Precisely Grice's implicature. His appeal to "Be orderly" however, in Grice 1981, he suppressed in WoW:P&CI. (JLS).

Strawson goes on: "incompatible with that carried by the corresponding statement of the form 'q and p'. This is not to deny that statements corresponding to these, but of the forms 'p.q' and 'q.p' would be, if made, logically equivalent; for such statements would carry no implications, and therefore no incompatible implications, of temporal order."

For this is precisely Kramer's point about the danger of studying implicature-free logiclandian if one is going to YIELD to the temptation. As Oscar Wilde said, "The best thing to deal with a temptation is yield to it".

Strawson: "Nor is it to deny the point, and merit, of the comparison; the statement of the form 'p.q' means at least a part of what is meant by the corresponding
statement of the form 'p and q'. We might say: the form 'p.q' is an abstraction from the different uses of the form 'p and q'. Simple conjunction is a minimal element in colloquial conjunction. We may speak of '.' as the conjunctive sign, and read it, for simplicity's sake, as "and" or "both ... and ...'".

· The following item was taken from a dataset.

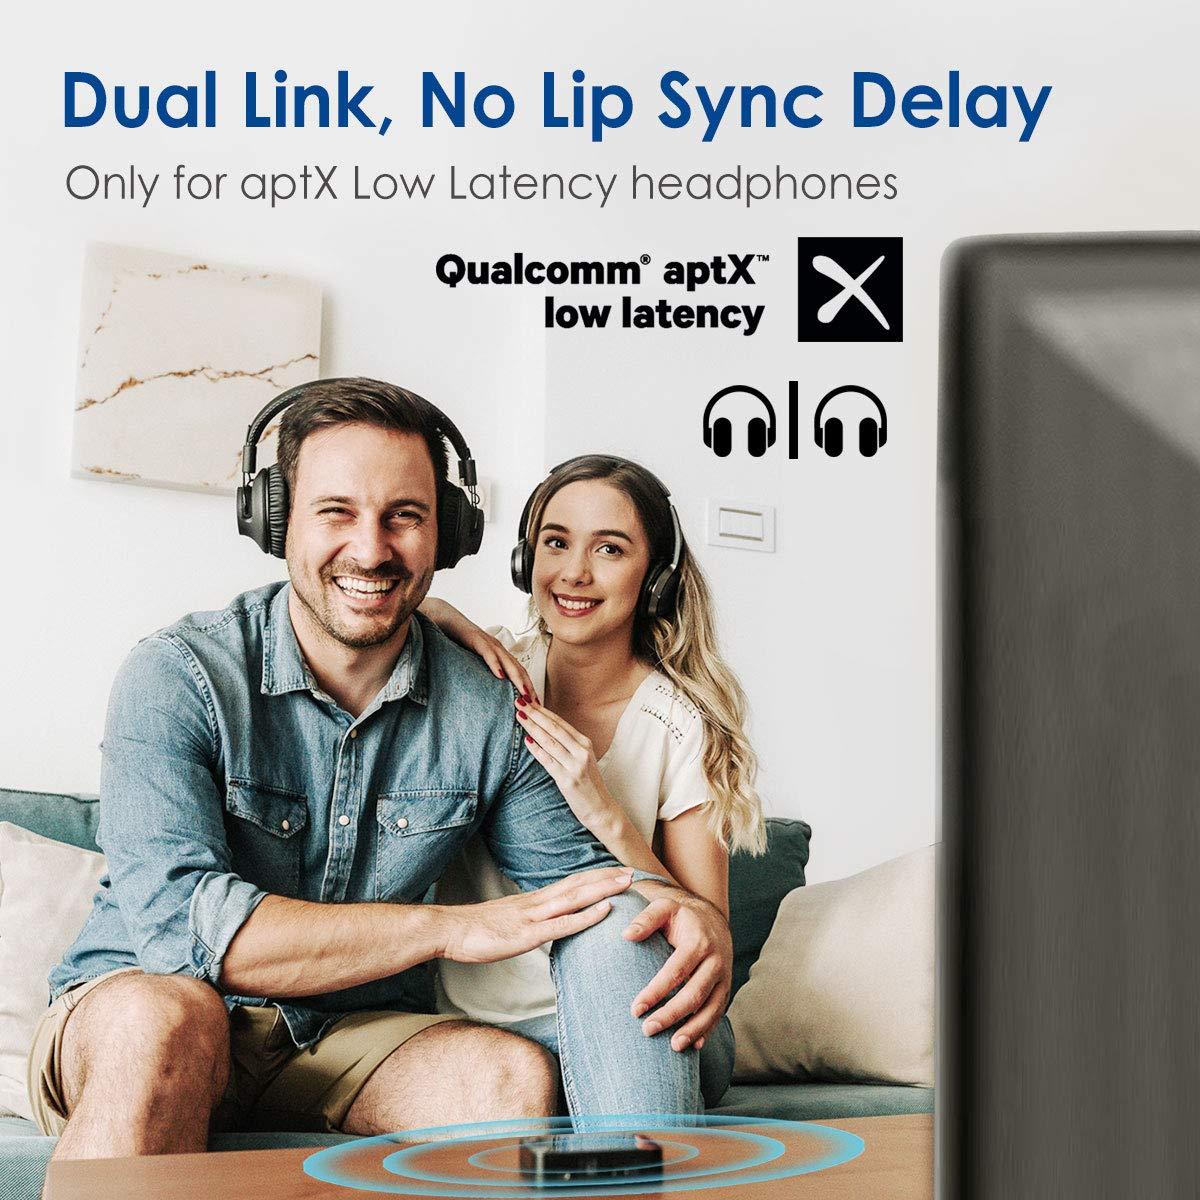 ... baja latencia aptX para 2 auriculares, RCA, adaptador de audio emisor inalámbrico de 3,5 mm, indicadores LED: Amazon.es: Electrónica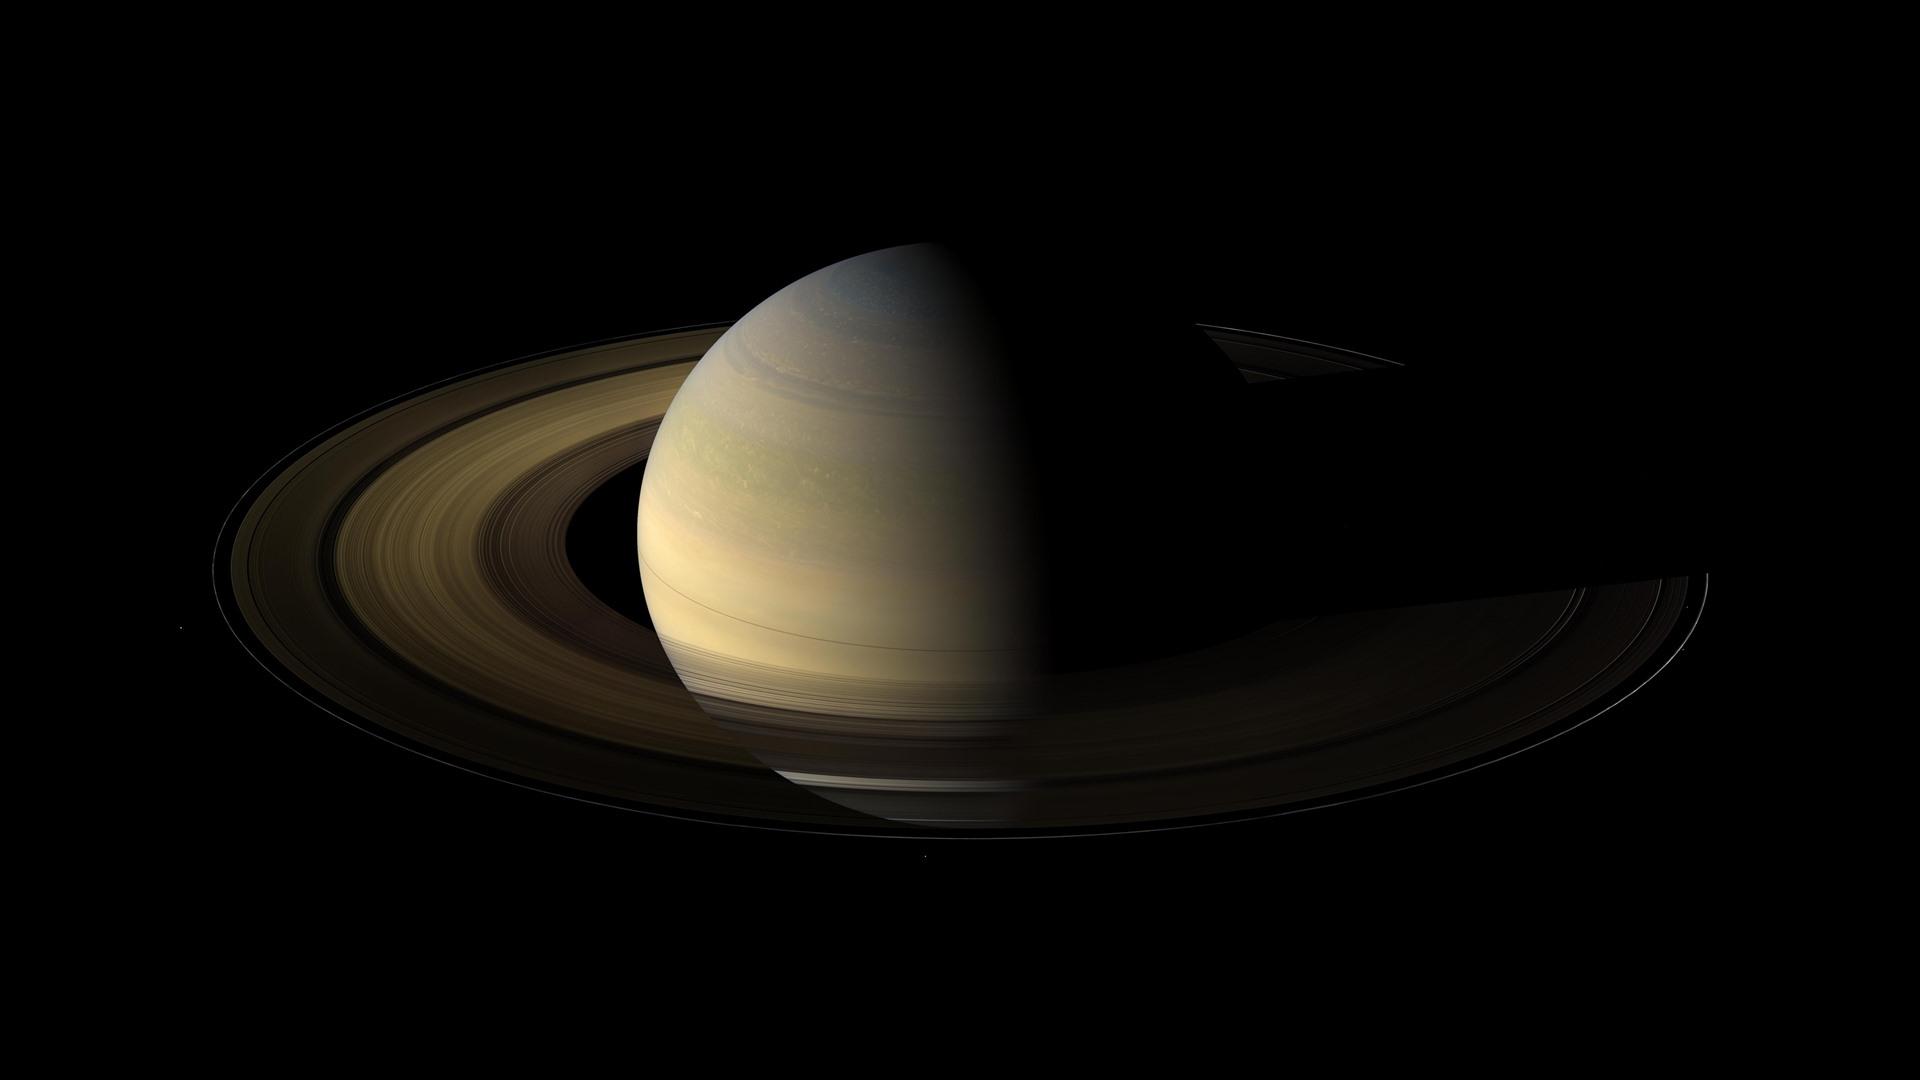 Wallpaper Space Saturn Round Ring Darkness 3840x2160 Uhd

Strawson has that same delightful ending for each of the operators. NOW -- how would YOU feel, Grice Club member, if you had been the tutor of a student, call him Strawson. You nurtured him, you tutored him, you even loved him! And the next thing, the man (for he's almost grown up by then if not wearing a beard) comes up and publishes your Refutatio -- and with Methuen, too! DIS --- GRICE --- FUL! Or should I say, "Good Grice-ous!" ("Good" is possibly a euphemism in "Good griceous", and I want to send a post to this blog, soon, on Grice on "good" which I want to entitle "Good Griceous!")

2 comments:

  1. It certainly appears that I was channeling Strawson. But maybe - or maybe not - I would go further:

    Let’s invent a logical language.

    1. Operators
    1.1 .
    1.1.1 Syntax: .(p,q,z)
    1.1.2 Result: all arguments are true.
    ……
    2. Oral expression. To make discussion of this language convenient, the following conventions shall be used.

    2.1 The oral expression

    Dot p, q

    means

    .(p,q)

    -----------
    Given this snippet of a language definition, what would prompt a logician to ask what correspondence exists between the dot operator and the word “and” in English?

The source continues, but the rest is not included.